In fact, the crabs are among the least sympathetic creatures in the strip, though not quite as repellent as Kilroy the tortoise (who speaks in Gothic script and bears an uncanny resemblance to Adolf Hitler) or the beetle and grub who often accompany him. These latter appear to be intended to represent the forces of socialism, being cowardly, workshy and given to singing The Red Flag while attempting to liberate any particularly desirable (i.e. edible) piece of property. The Perishers is not at heart a political cartoon, and, like so many who describe themselves as apolitical, it is conservative in its attitudes. But there is nothing to be gained from a serious political analysis of a strip which makes a rare allusion to the General Secretary of the Trades' Union Congress in terms of a small child wheedling a treat out of his mother:

- hey mum, would you buy me a baby alligator?
- Certainly not, Baby Grumpling.
- well, how about one of those chopper bikes?
- Don't be silly, Baby Grumpling.
- would you consider a box of black magic?
- No, Baby Grumpling.
- could i have an ice lolly?
- Well, all right... I'll tell Maisie to get you one when she goes up the High Street.
- when it comes to negociatin', that vic feather's got nothin' on me.
Vic Feather, like Black Magic chocolates, is simply a brand name; it invites the same laughter of recognition, and dates the strip as surely, as Baby Grumpling's Christmas present:
The first appearance of Baby Grumpling's space hopper
In 1973, or thereabouts, the toy that all children wanted for Christmas was a space hopper, a large orange bouncy ball, with "ears" that you could cling to as you rode around on your space hopper; and Baby Grumpling had one which defied gravity and rode roughshod over any opposition; it careered through a sequence of visual gags, culminating in what looked like the entire cast of the strip bouncing along out of control until they encountered Wellington in his new roller skates - an encounter which is probably best left to the imagination.

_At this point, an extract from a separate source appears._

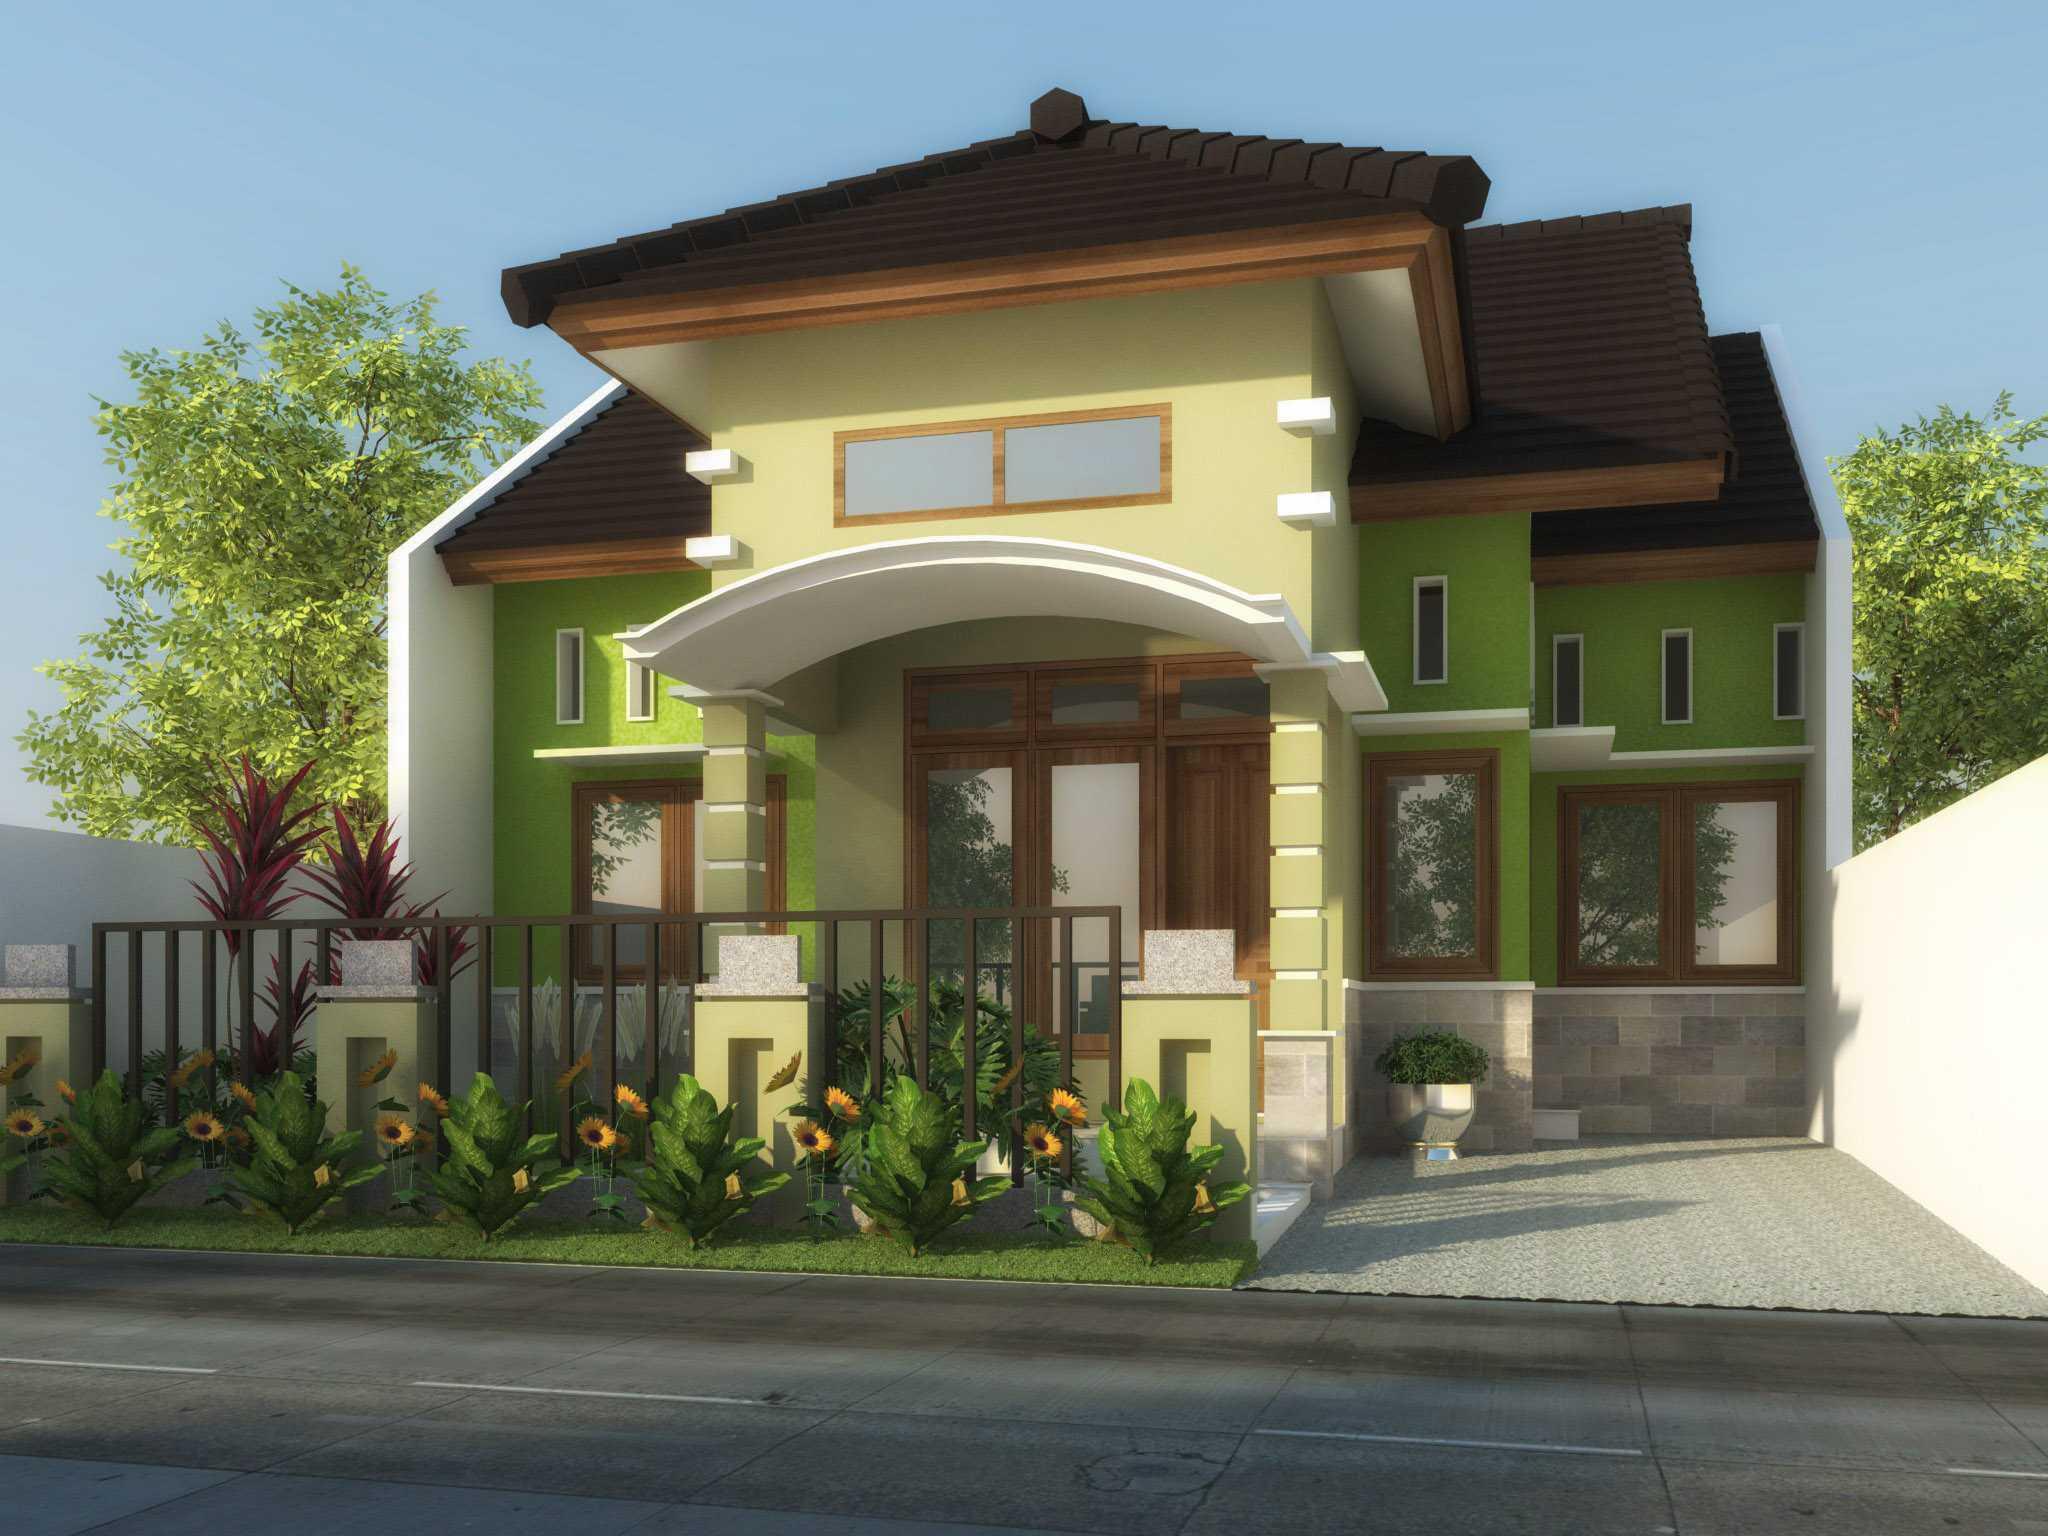 Wgstudioid Desain Rumah Wlingi Blitar Wlingi, Blitar, Jawa Timur, Indonesia Wlingi, Blitar, Jawa Timur, Indonesia Wgstudioid-Desain-Rumah-Wlingi-Blitar  74942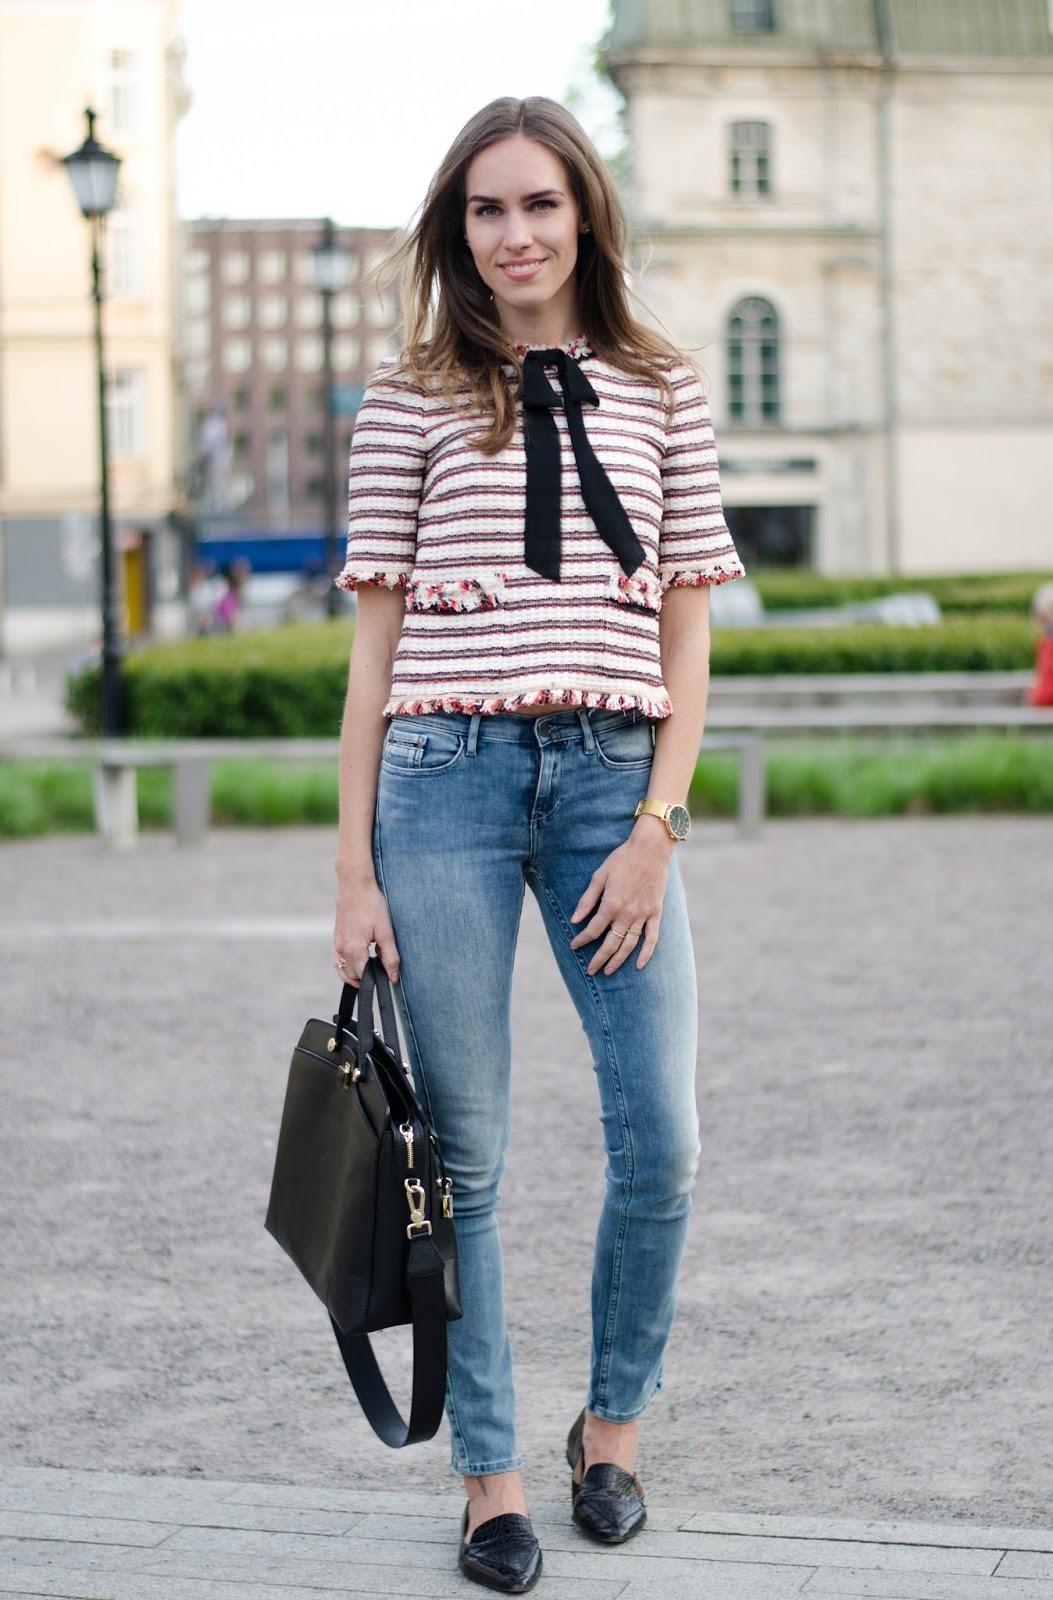 kristjaana mere zara top calvin klein jeans spring outfit fashion

It would be possible to continue indefinitely in this vein, pointing out the beauties of over a decade of daily strips, glossing over the inevitable repetitions and signs of age, praising the wordplay here, the intricately mapped street layout there and the sheer creative silliness of that joke. The Perishers may never have made it big in the United States, despite the efforts of their fan, Rod McKuen - but they were published in Dutch. They also appeared on BBC television, in an animated series whose best feature was probably the voice given to Boot by the perfectly-cast Leonard Rossiter. There was even a Perishers jigsaw:

The Perishers in 80 pieces


Update 2008

When I wrote this overview of The Perishers, back in the year 2000, I ended by bemoaning the fact that the strip had fallen into obscurity. The books were largely out of print, obtainable only by a diligent search of charity shops and jumble sales. A list of the books at Tony's Trading website - still a valuable resource for those prepared to undertake the search - was just about their only other appearance on the internet.

By Christmas 2003 this was changing. The books - and videos of the tv show - were appearing in greater numbers from Amazon's second-hand sellers; and the web was starting to take notice. In addition to the Toonhound site (which gives an informative introduction to the strip) Richard Starkings, President & First Tiger of Comicraft thought it was Just Wrong that the Perishers don't have their own site on the Web and decided that if no-one else was going to do it, he would. This never went (or at least, has not to date developed) beyond a first step, but may have played a part in convincing Maurice Dodd himself that there was a need for the Authentic Perishers Website - still not the complete archive we were hoping for, but a selection of strips, character sketches and information about the strip and its creators.

Maurice Dodd has sadly since died, but the web site is maintained by his son Mike. But one of the great pleasures that the Shadow Gallery has brought me was a phone call from Maurice Dodd; he was extremely kind about the text on this page above, even if he did not agree with all my comments!